Case Studies

General motivation for dielectric elastomer actuators

Interfacing with internal organs such as the brain, heart and lungs require a different type of electronics. Stretchable electronics will allow devices to interface with these organs without damaging them or otherwise impeding the natural state of the body. In addition they need to be able to withstand high frequencies and high voltages. Existing stretchable conductors are mostly electronic conductors such as carbon grease, microcracked gold film, serpentine-shaped metallic wires, carbon nanotubes, graphene sheets or silver nanowires. These existing conductors struggle with high frequencies, high voltages, biocompatibility, transparency and conductivity while undergoing large areal expansions, all of which are key tasks towards interfacing with the human body. 

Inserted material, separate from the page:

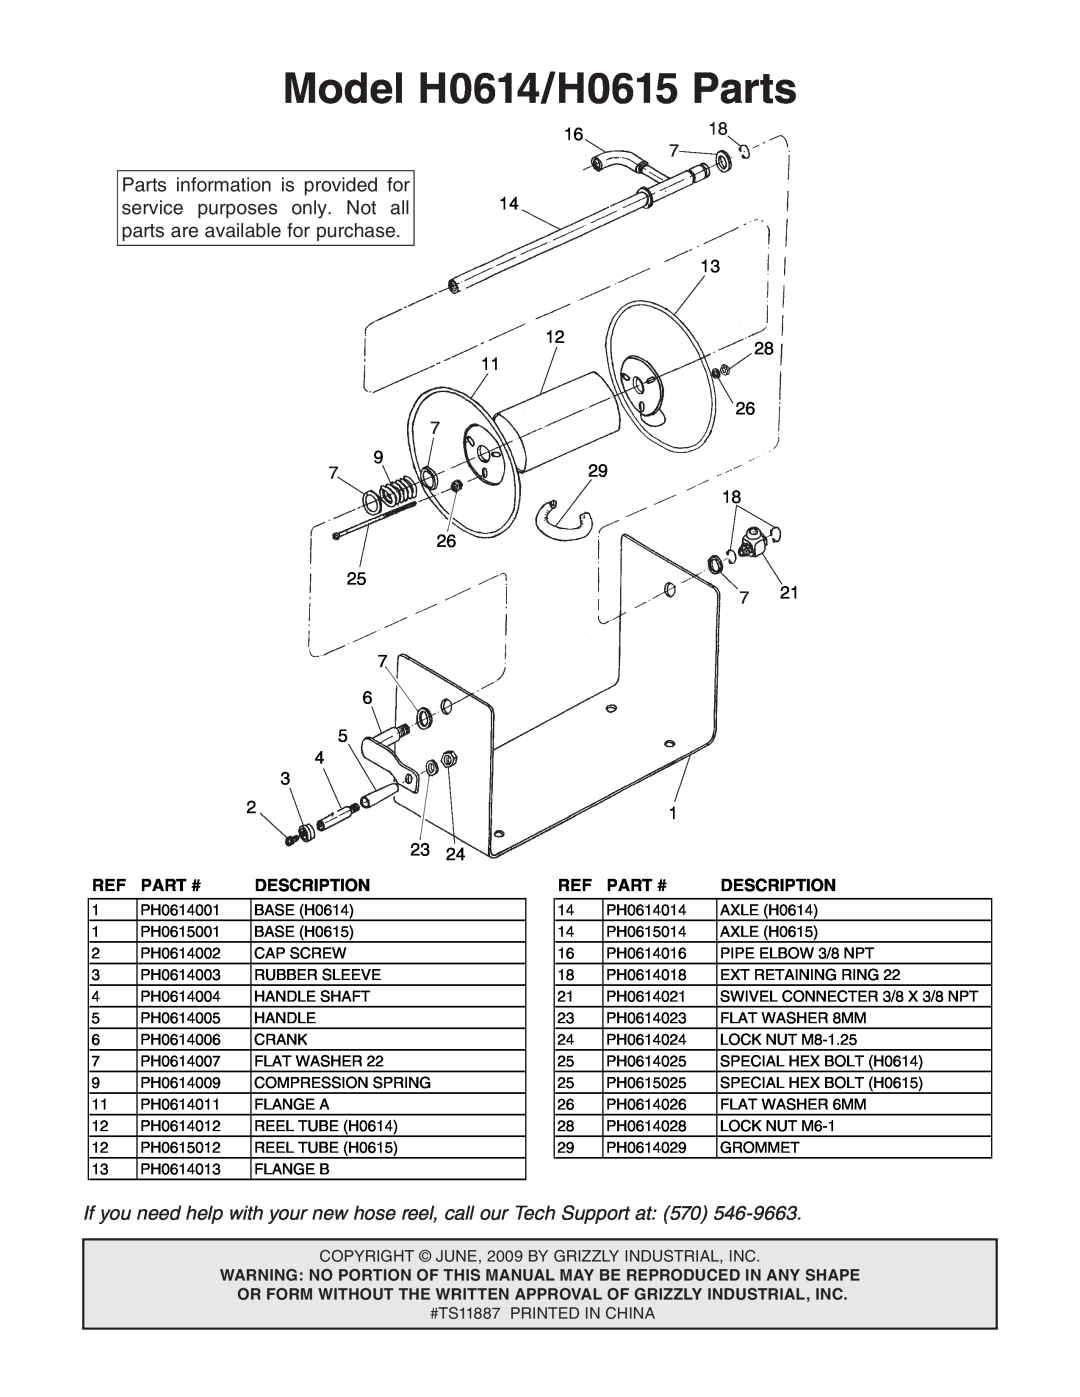 Grizzly specifications Model H0614/H0615 Parts, 1618, 1228, Part #, Description

Case Study: Heart Shaped Dielectric Elastomer Actuator

As opposed to electronic conductors, many ionic conductors are biocompatible, are transparent and able to stay conductive at high areal expansions. Keplinger et al. (2013) designed a transparent large strain actuator consisting of a membrane of a dielectric elastomer sandwiched between two membranes of an electrolytic elastomer.

The team demonstrated this design by building a transparent heart shaped actuator using VHB 4910 tape as the dielectric and 100-um-thick polyacrylamide hydrogel containing NaCl as the electrolyte. The construction of the actuator is similar to the actuator described in this documentation. The dielectric was prestretched and attached to a rigid frame. Instead of carbon grease, the clear hydrogel is used for the active area.

The attached video shows the actuator in action:

dea_cs_vid_1.mov

Case Study: Transparent Loudspeaker

To show how dielectric elastomer actuators are able to function at very high frequencies, Kepplinger at al. (2013) built a transparent loudspeaker that produces sound across the entire audible range, from 20 Hz to 20 kHz. The loudspeaker was used to play audio from videos played on a laptop. The audio from the videos was fed to the loudspeaker as an analog voltage signal through a high voltage amplifier from the laptop's audio output. The resulting audio was recorded by a webcam's microphone and compared to the audio source. For one test that involved giving the loudspeaker a 20-s test signal of constant amplitude and a linear sine sweep from 20 Hz to 20 kHz, the loudspeaker was able to successfully reproduce the main signal, with some inconsistency coming from vibrations of the actuator's frame, which was not optimized and began vibrating at its resonance frequency.